I don't like LinkedIn because I got a bunch of spam candidates. I also dislike that it doesn't force job posters to disclose salary expectations before hand -- this is inefficient. (From an applicant perspective, I do like how easy LinkedIn makes snapping in a resume and submitting an application... but I have to wonder if making it fast to apply is really the best metric.)
I dislike Angel List because I have to accept just applicants profiles from Angel List as their application and I like to hit them up with a few basic questions first to save time. (As far as I'm concerned, we don't need another Facebook-for-work type site on top of LinkedIn -- and LinkedIn has already won this battle.)
I like JazzHR quite a bit.
No, it's fair. I'm a fairly talented programmer and if I sense any bullshit tactics based on information assymetry I'm not interested on your offer.
This is the first advice professionals who have no experience of salary negotiations get: don't say the first price, unless you know what you are doing.

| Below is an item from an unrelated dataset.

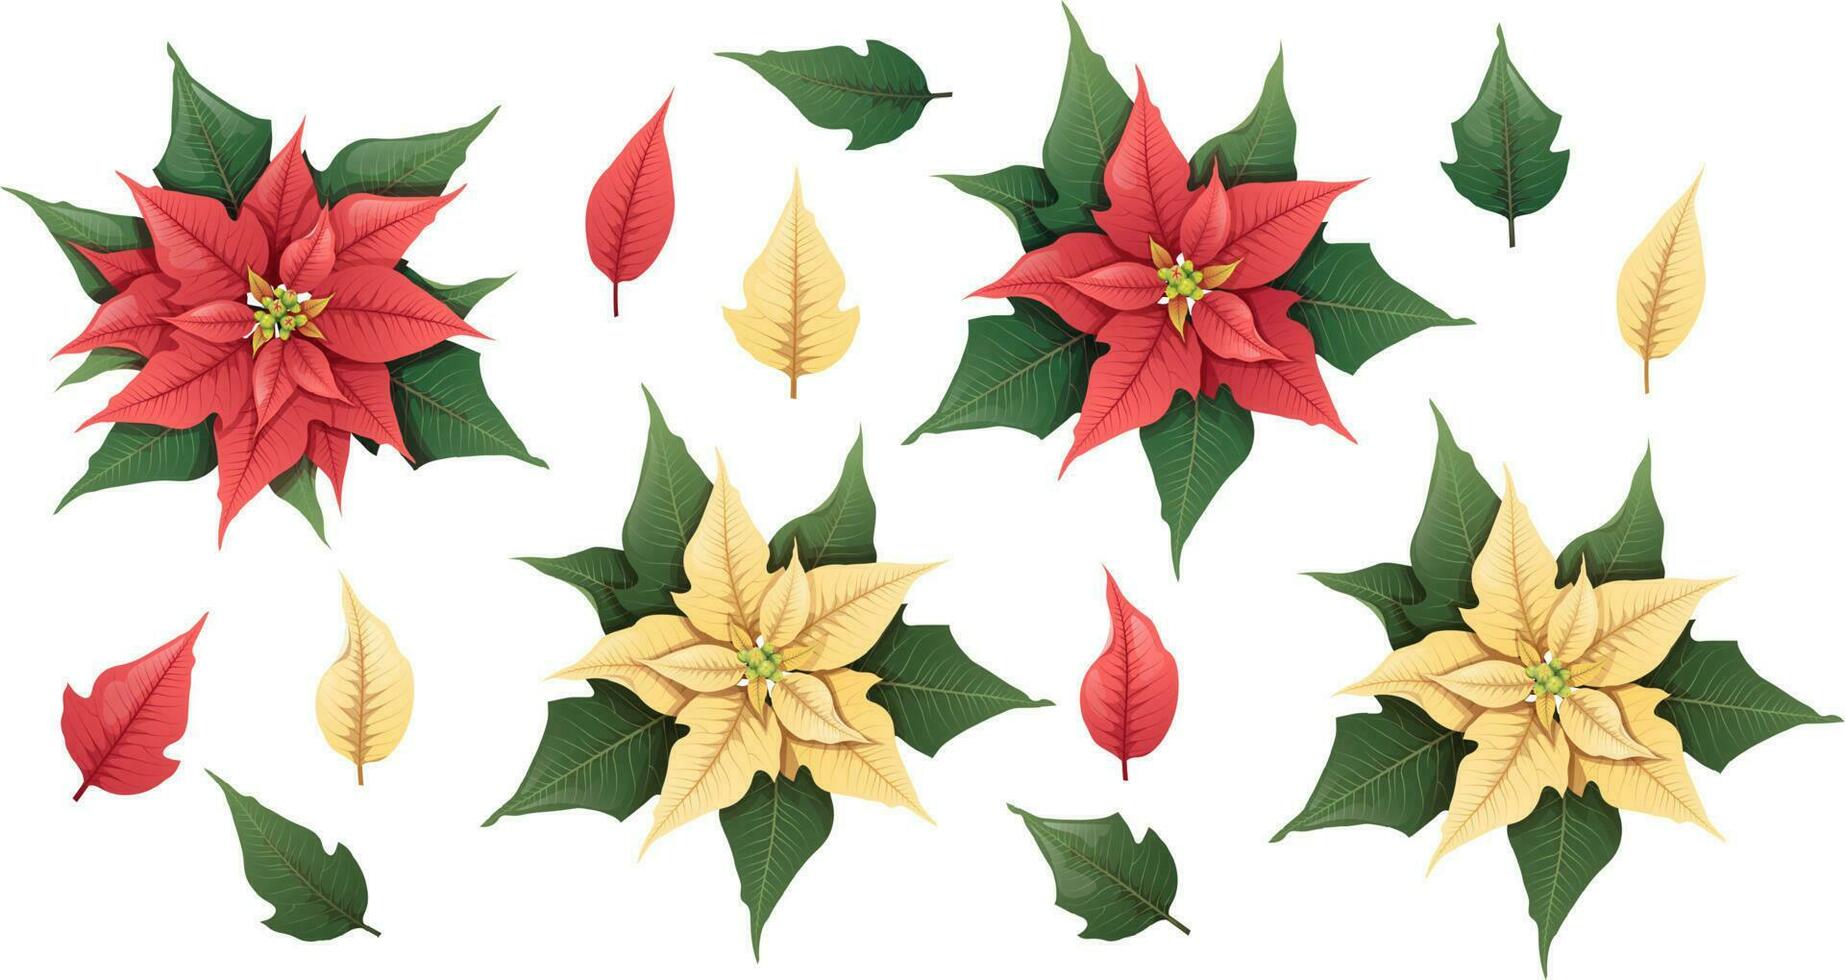 plano poinsétia para decoração desenho.vermelho e amarelo flores e folhas do uma Natal plantar para decoração em uma branco fundo. vetor feriado ilustração

That you explicitly expect them to brake this rule does not speak well of your approach to the process.
Of course, there can be some local customs and practices I'm not familiar with.
if you dont want asymmetry in the negotiation process, be a good sport.
On AngelList I was applying to companies myself and did two interviews with locally based startups. One of which was basically hipster central and turned me down after the interview because their highest developer pay was lower than my previous salary. The second one I interviewed at was Hopper, which I abandoned because their interview process is too long and drawn out for a startup. If I wanted this experience of probable rejection after months of interviewing, I would just apply to Google.
The only impression I got was that LinkedIn lead me to real businesses who have an immediate need for devs. AngelList has startups with an inflated sense of self-importance who wish they were in San Francisco.
I'm having a feeling this might be another way of collecting emails
AngelList isn't as great for specific filtering, but you get alot more targeted incomming requests when you post a job
For startups AngelList makes a lot of sense and solves for problems like a wide variance in salary, non existent recruitment pipelines and general match making. Although the candidate pool is much smaller I think it helps keep the search focused. My personal experience with LinkedIn was a lot more spray and pray. LinkedIn does have much better candidate filtering if your looking for something very specific.